• **WORK ITEM**: Keep the pictures out. Write out every line of the listing exactly.

• **DATASET EXCERPT**:
= = =

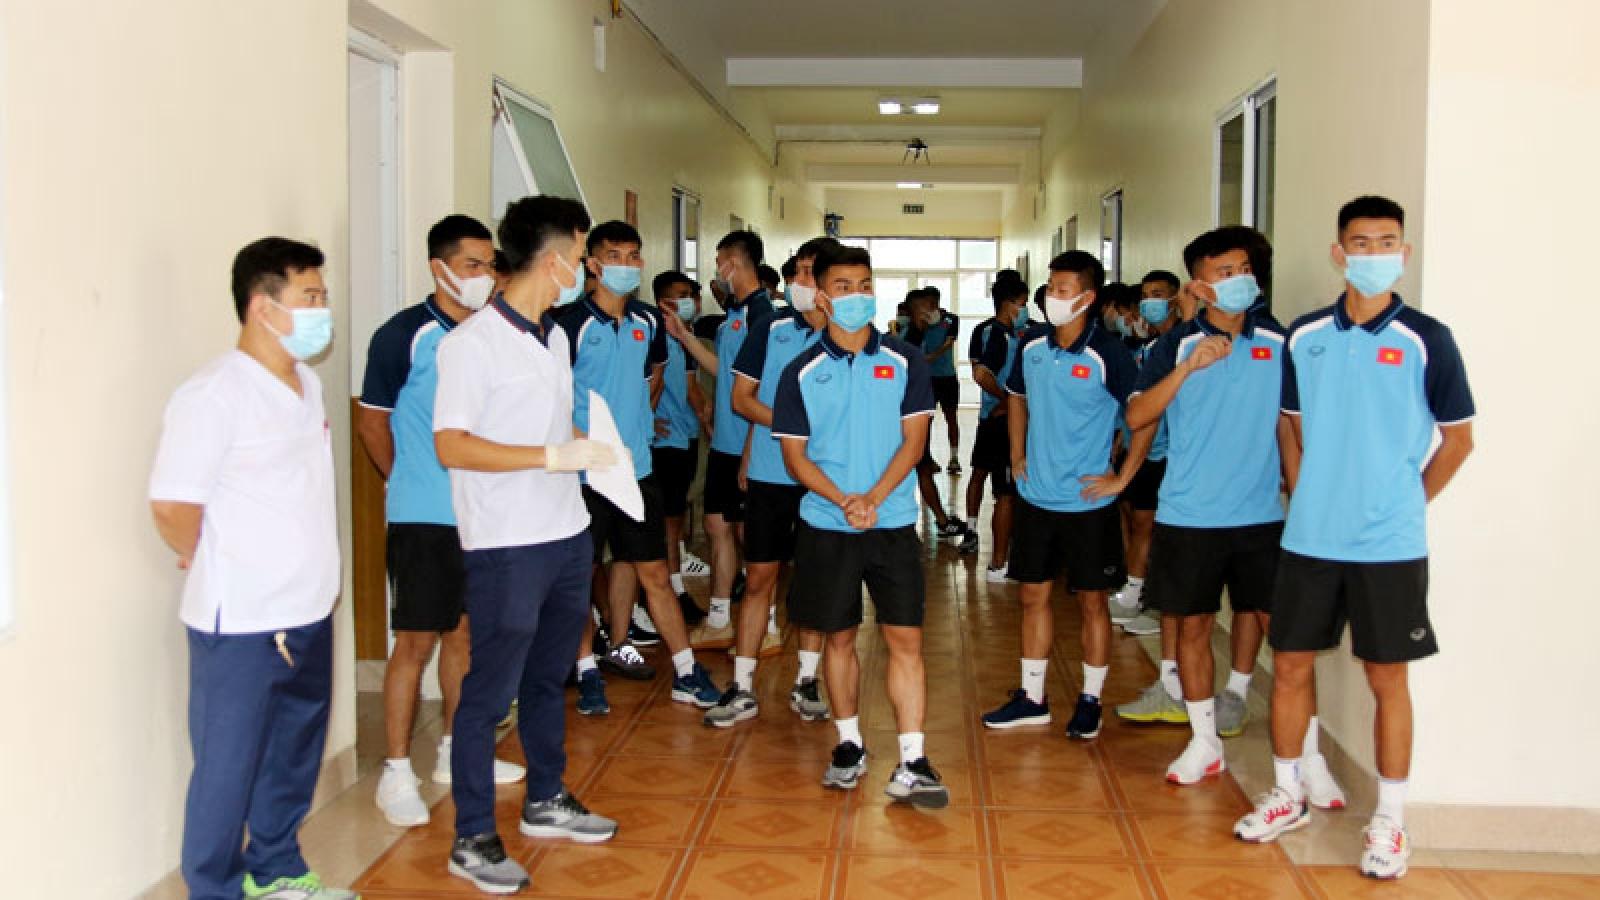 HLV Park Hang Seo cùng U22 Việt Nam nghiêm túc xét nghiệm Covid-19
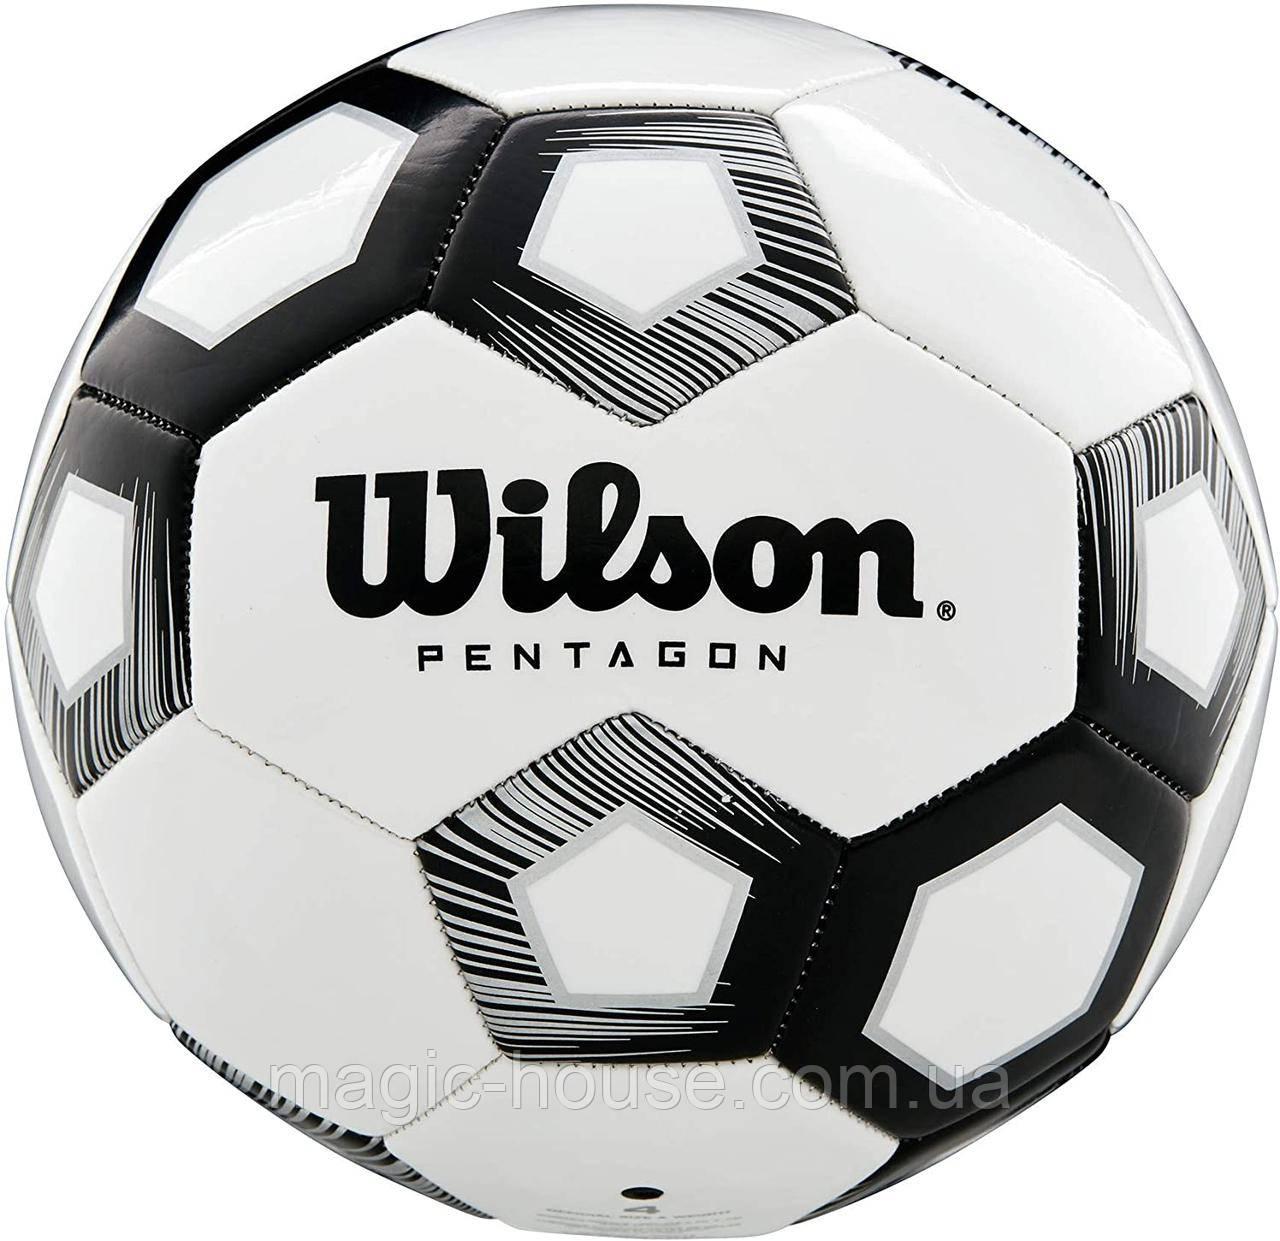 Мяч футбольный игровой Wilson Pentagon Soccer Ball размер 5
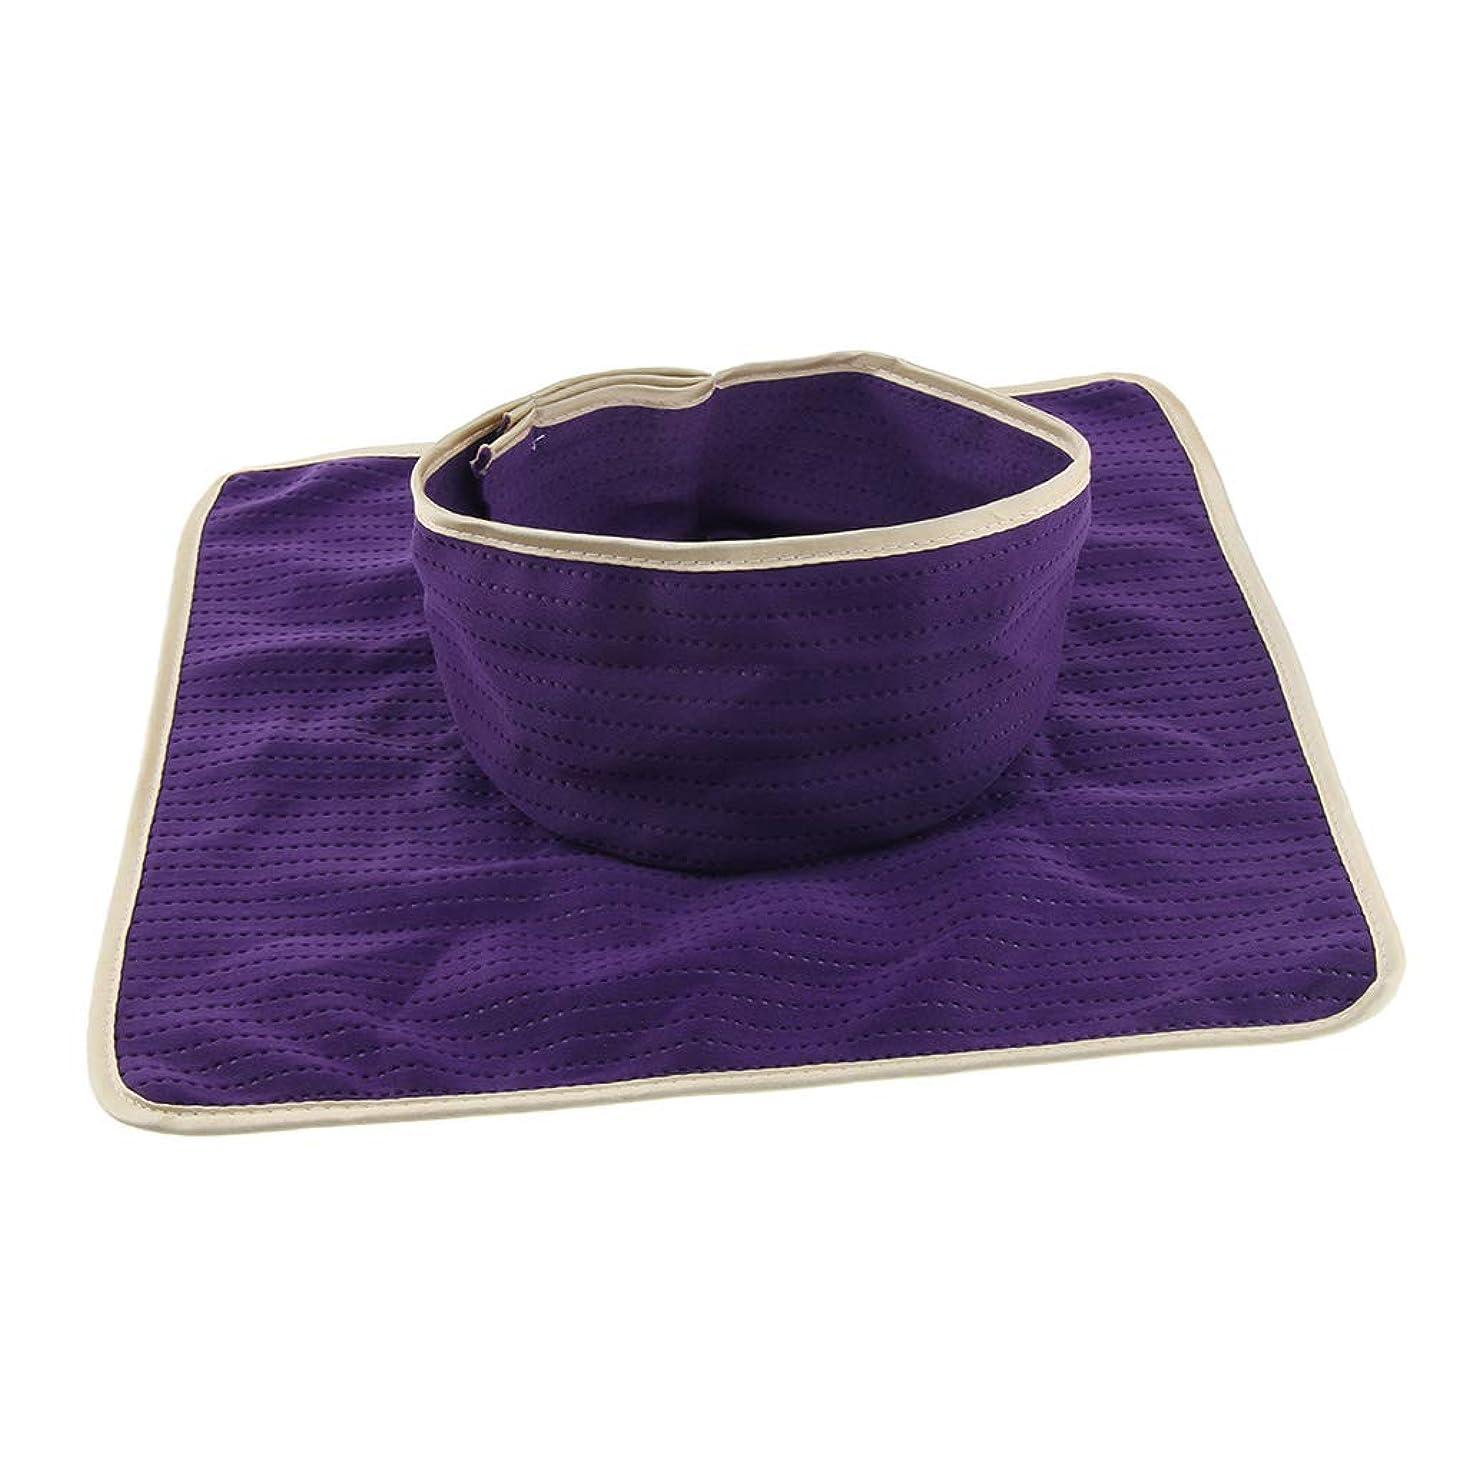 ハンドブック唇時間Perfeclan マッサージ ベッドカバー シート パッド 洗濯可能 再利用可能 約35×35cm 全3色 - 紫

= = =

• **WORKED SOLUTION**:
 HLV Park Hang Seo cùng U22 Việt Nam nghiêm túc xét nghiệm Covid-19
 Мяч футбольный игровой Wilson Pentagon Soccer Ball размер 5
 ハンドブック唇時間Perfeclan マッサージ ベッドカバー シート パッド 洗濯可能 再利用可能 約35×35cm 全3色 - 紫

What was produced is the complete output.